Can I trust KeePassium?

When your passwords are at stake, don’t trust promises — they are just words. Instead, look at the verifiable signals.

It has a clear business model

Stealing passwords is a poor business idea. Just like any other illegal high-risk activity, it would eventually be exposed and result in jail time.

In contrast, selling a good app is a safe, legal and reliable business model that builds reputation.

Since the first release in 2019, we don’t sell user data — we sell the app.

It works offline

By design, KeePassium never “phones home” for any reason. You can check this using the iOS App Privacy Report feature:

iOS App Privacy Report for KeePassium
iOS App Privacy Report for KeePassium
In-app purchases

The freemium version of KeePassium can communicate with the App Store servers, in order to manage in-app purchases. KeePassium Pro does not have in-app purchases, so it does not communicate with the App Store.

One may wonder: how come KeePassium offers cloud sync, but never asks for my Dropbox/OneDrive/NextCloud account details? This is because KeePassium delegates synchronization to the original cloud provider apps. This way, KeePassium itself can remain offline.

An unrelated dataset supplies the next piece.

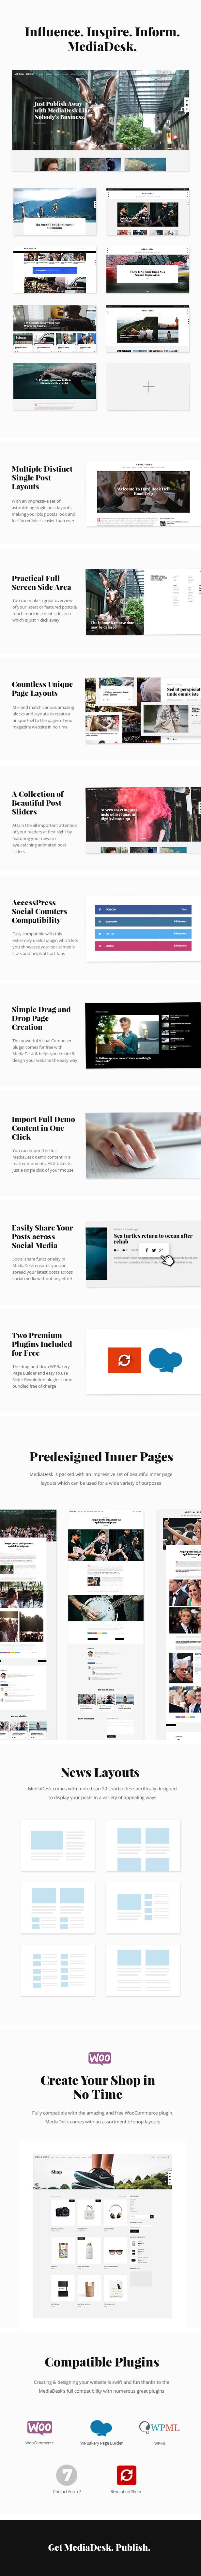 MediaDesk - Magazine WordPress Theme - 1

That said, the app does offer a few network-dependent features. However, they are disabled by default and KeePassium won’t use them without your permission.

Network access setting
Network access setting

It is open source

Finally, for the maximal assurance, you can directly verify the app:

  1. Download KeePassium source code
  2. Audit it (or hire someone you trust)
  3. Build your own app
  4. Rely on it

(If you go this way, please consider buying premium to support the development.)